* _What the task asks_
Would you reproduce exactly the lines below from the one holding "The Bee Gees" through the one holding "Argentina. Il 9", inclusive, and no others?

* _Dataset_
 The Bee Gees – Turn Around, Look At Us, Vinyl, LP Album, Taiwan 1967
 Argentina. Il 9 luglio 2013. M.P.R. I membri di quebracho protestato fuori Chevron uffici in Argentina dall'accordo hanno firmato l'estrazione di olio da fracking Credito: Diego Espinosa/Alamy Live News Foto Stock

--

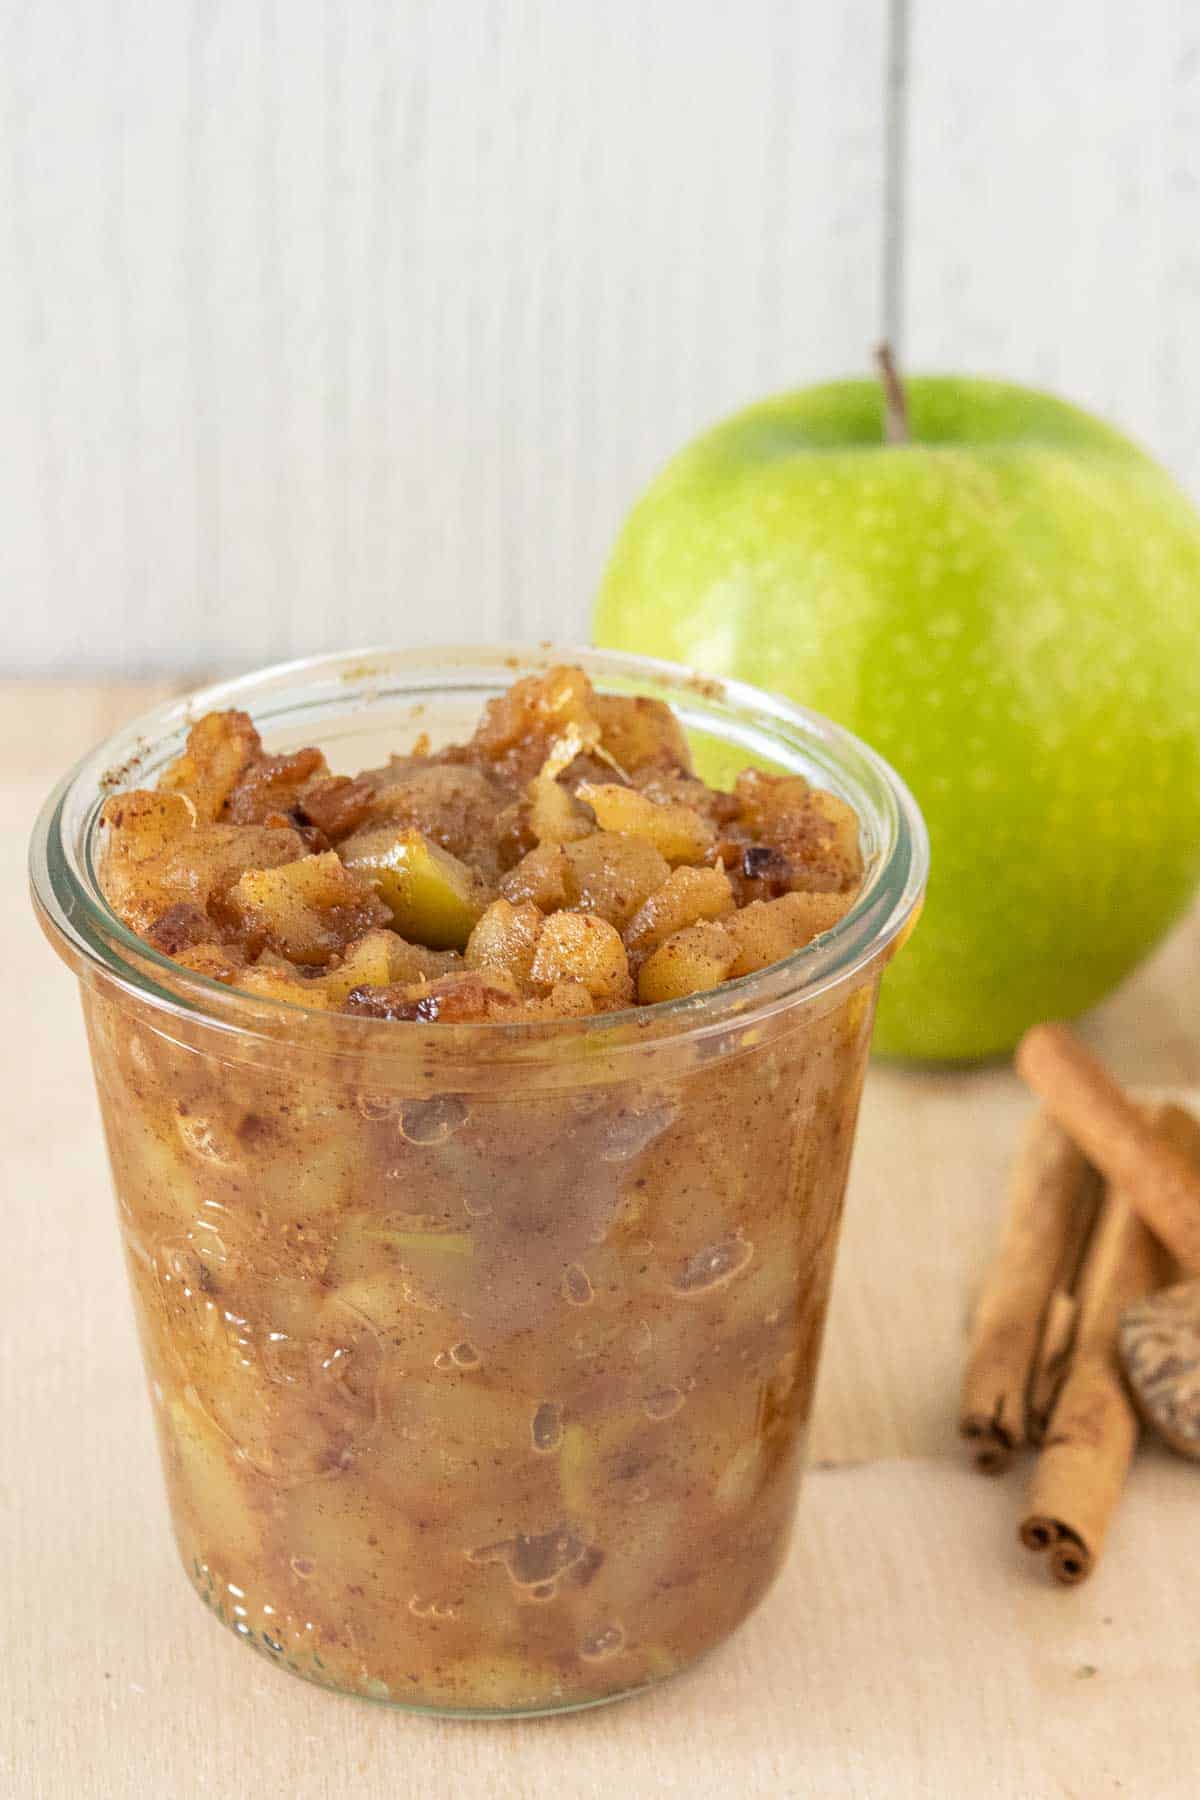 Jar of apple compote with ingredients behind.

---

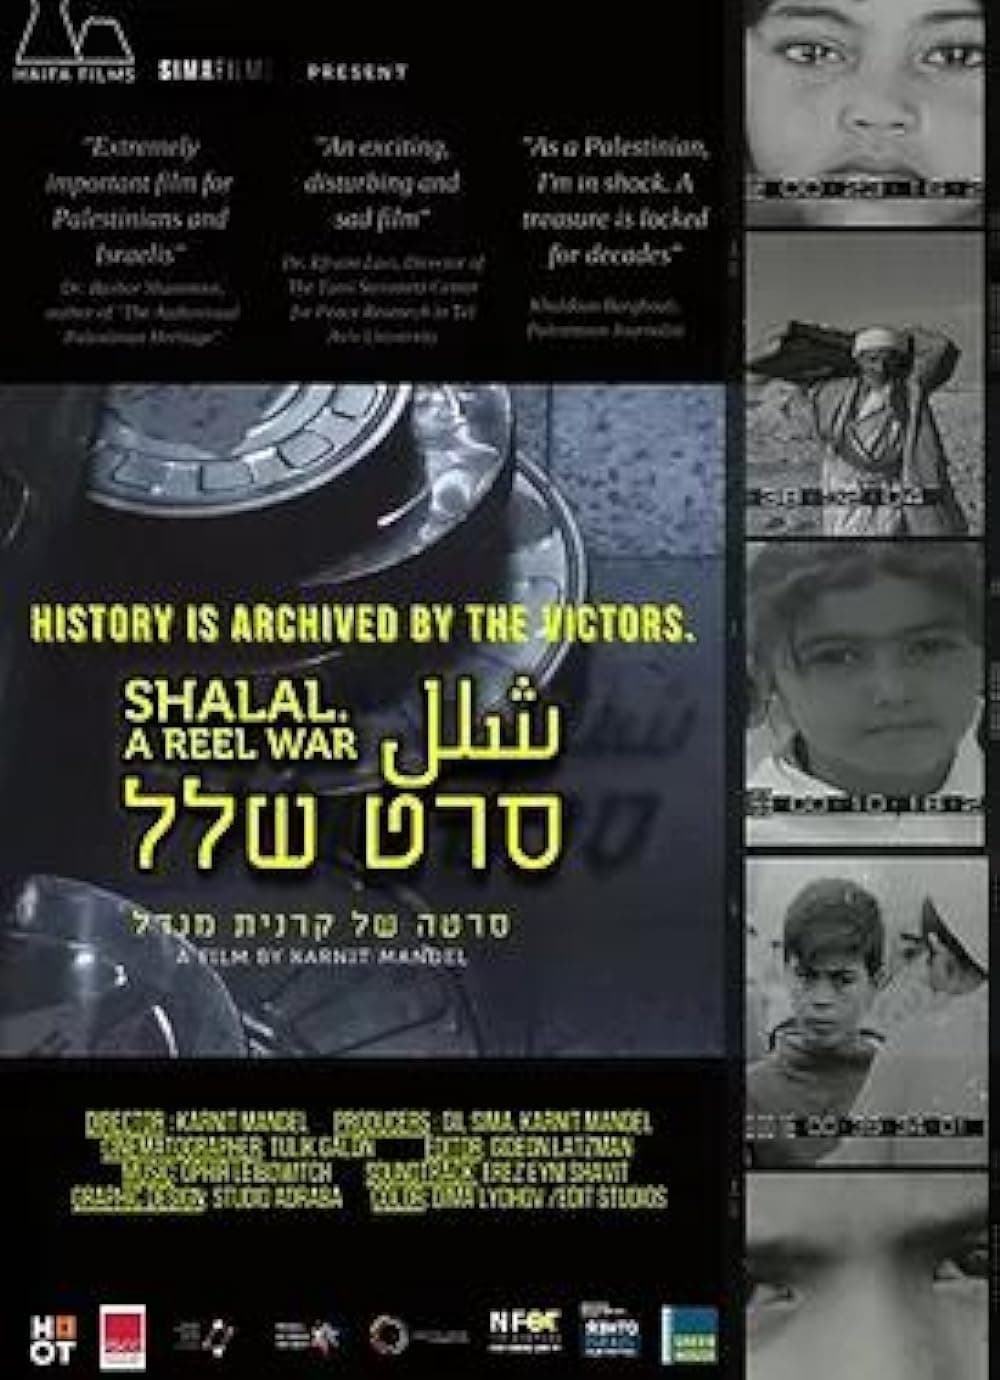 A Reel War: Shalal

* _Result of this exercise_
 The Bee Gees – Turn Around, Look At Us, Vinyl, LP Album, Taiwan 1967
 Argentina. Il 9 luglio 2013. M.P.R. I membri di quebracho protestato fuori Chevron uffici in Argentina dall'accordo hanno firmato l'estrazione di olio da fracking Credito: Diego Espinosa/Alamy Live News Foto Stock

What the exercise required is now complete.